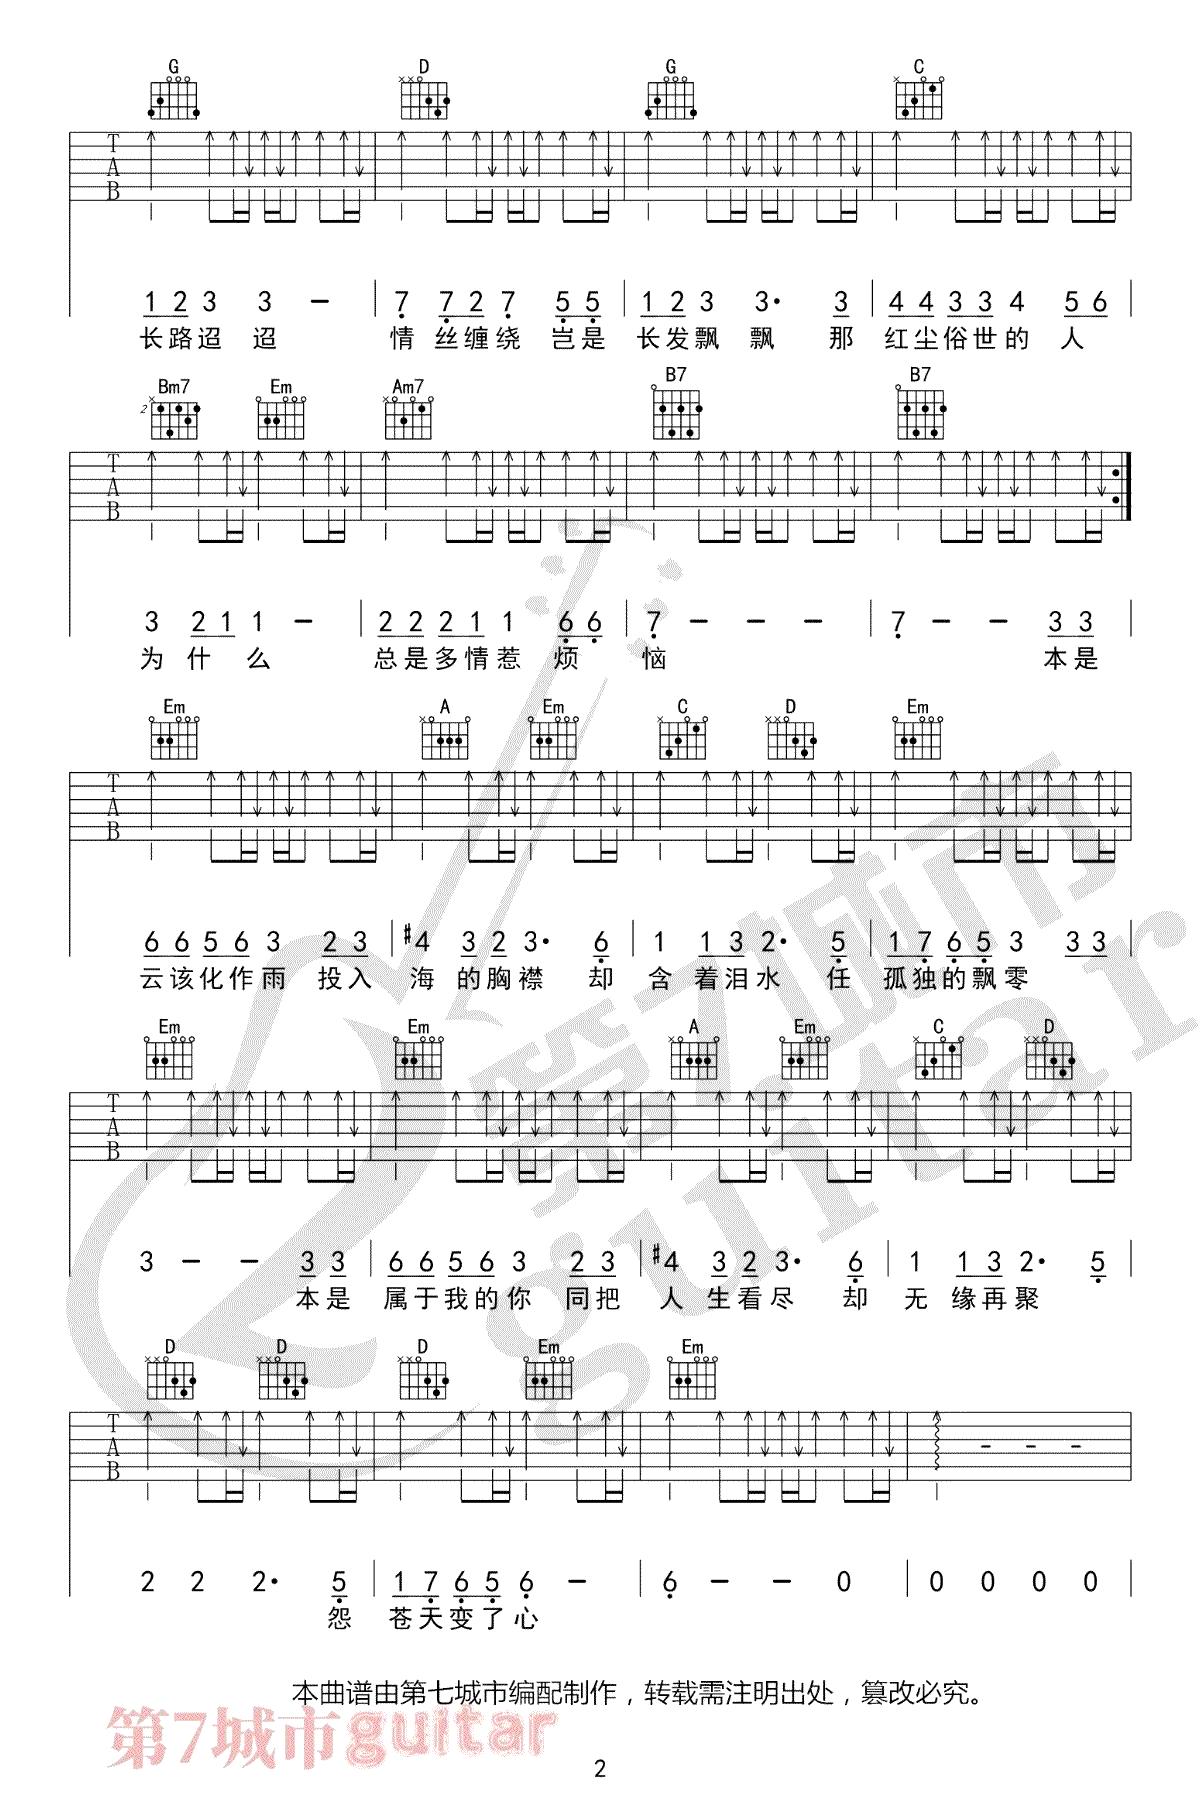 怨苍天变了心吉他谱-王小帅吉他版-2
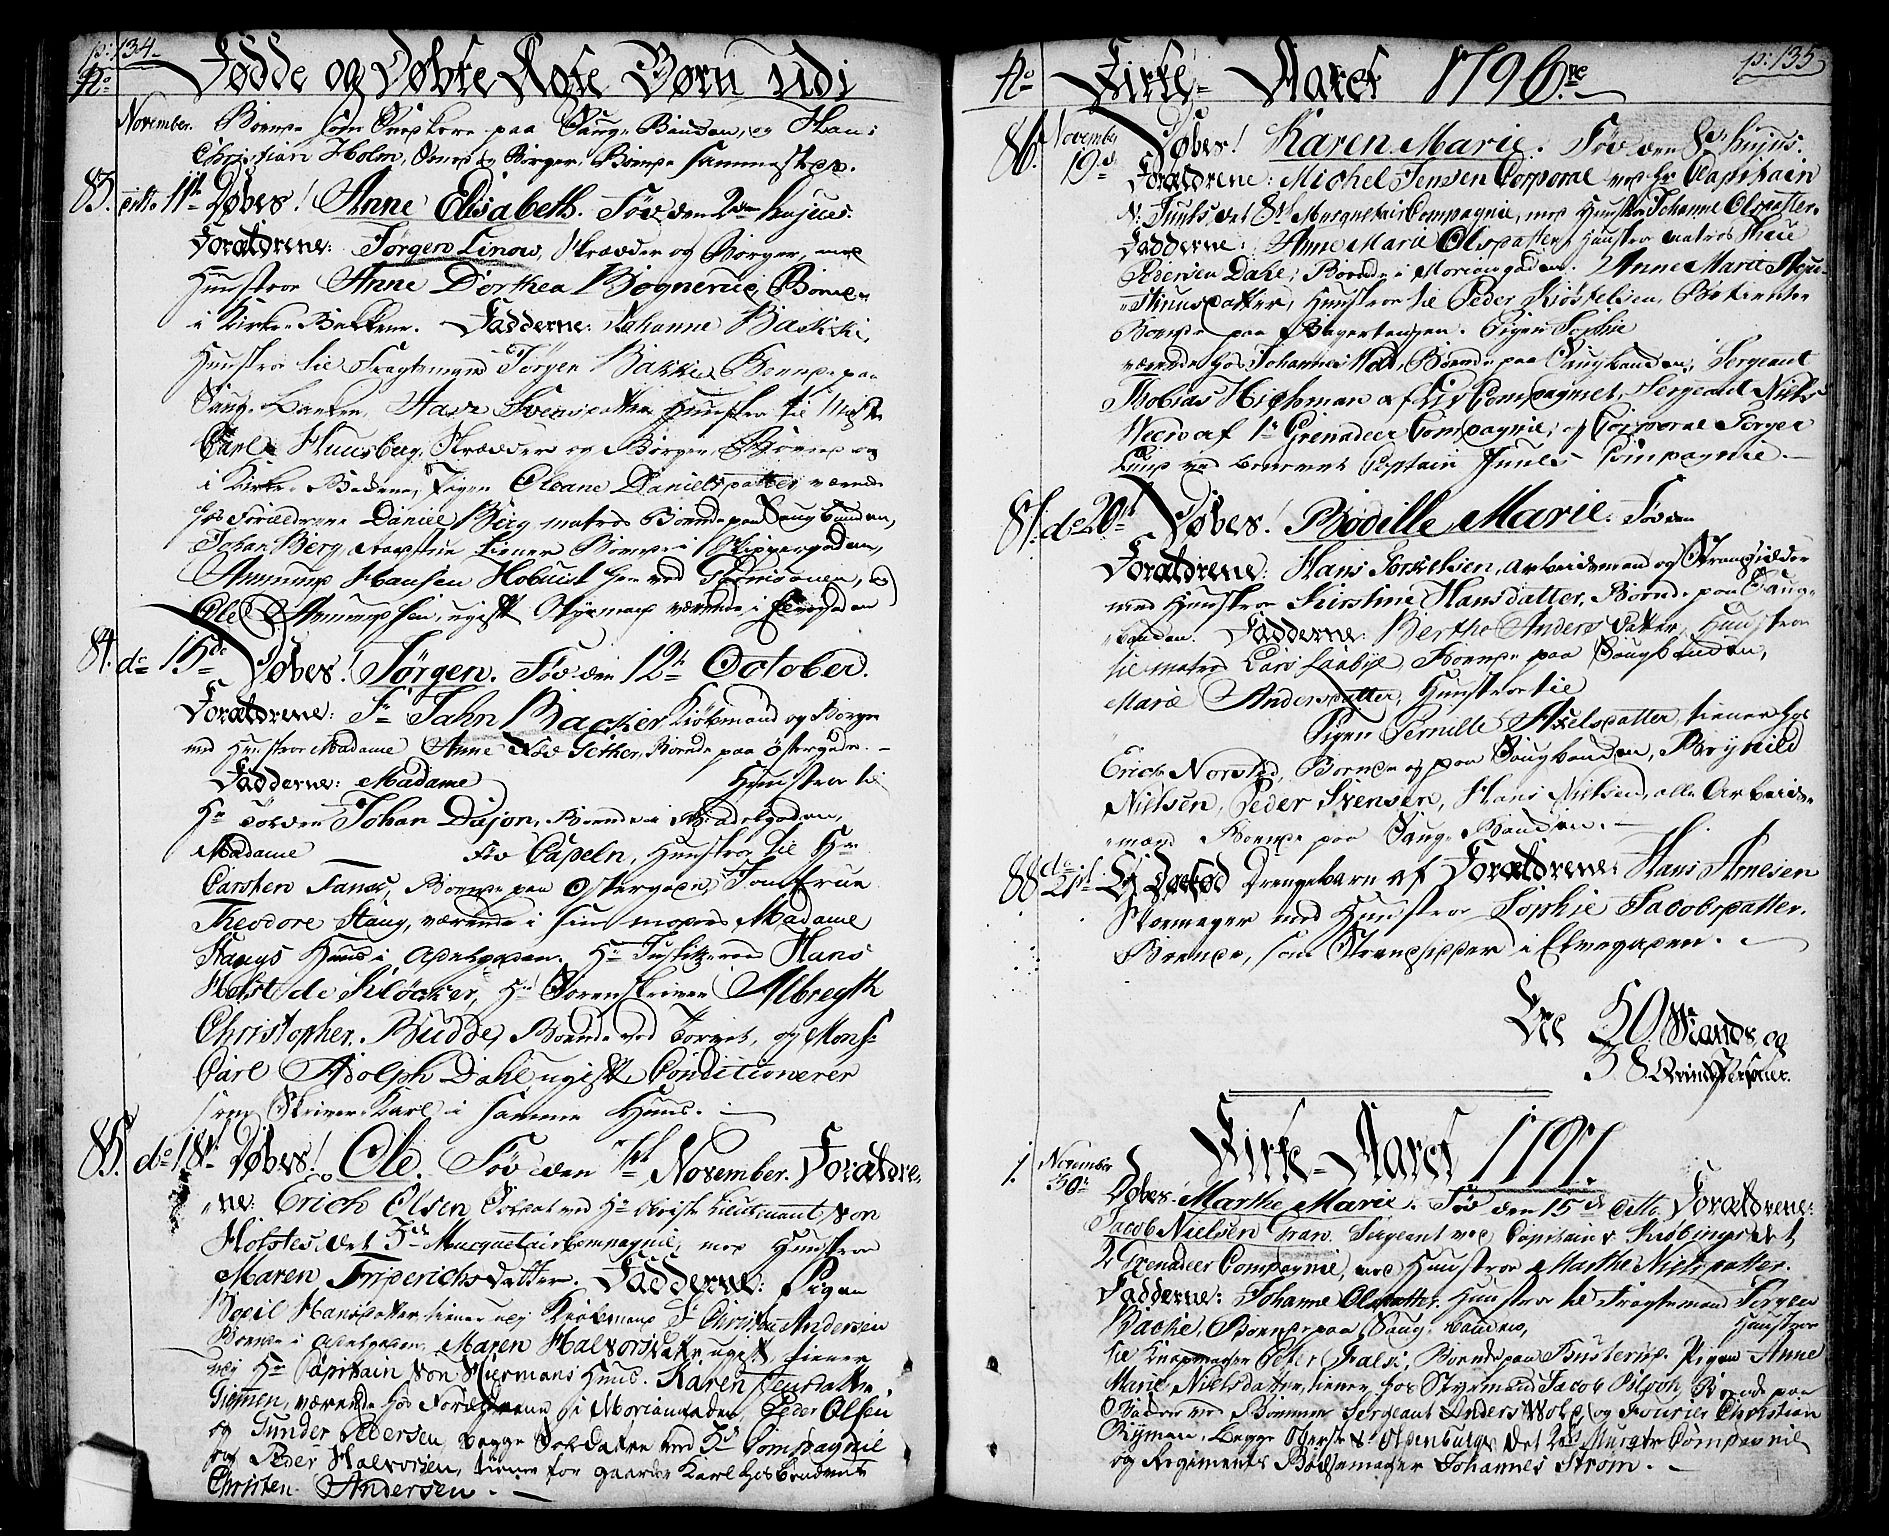 SAO, Halden prestekontor Kirkebøker, F/Fa/L0002: Ministerialbok nr. I 2, 1792-1812, s. 134-135
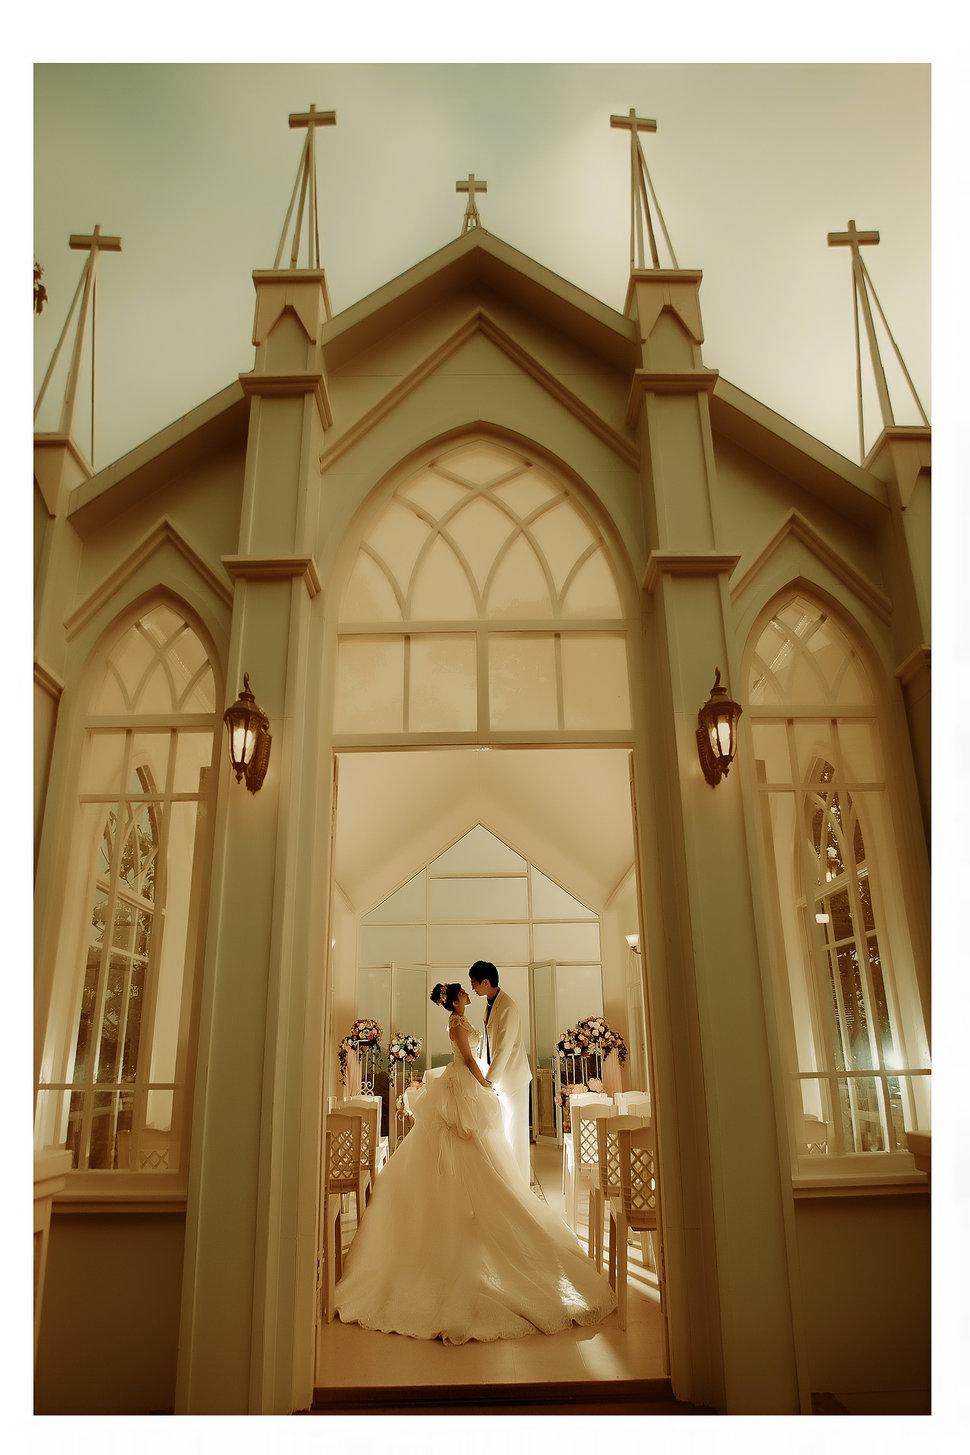 0-181 - 台中2號出口婚紗攝影工作室 - 結婚吧

*About this task*
The expected answer is the line with "SAO, Halden prestekontor" followed by every remaining line of the listing, each restated exactly, with all pictures dropped.

*Answer below*
 SAO, Halden prestekontor Kirkebøker, F/Fa/L0002: Ministerialbok nr. I 2, 1792-1812, s. 134-135
 0-181 - 台中2號出口婚紗攝影工作室 - 結婚吧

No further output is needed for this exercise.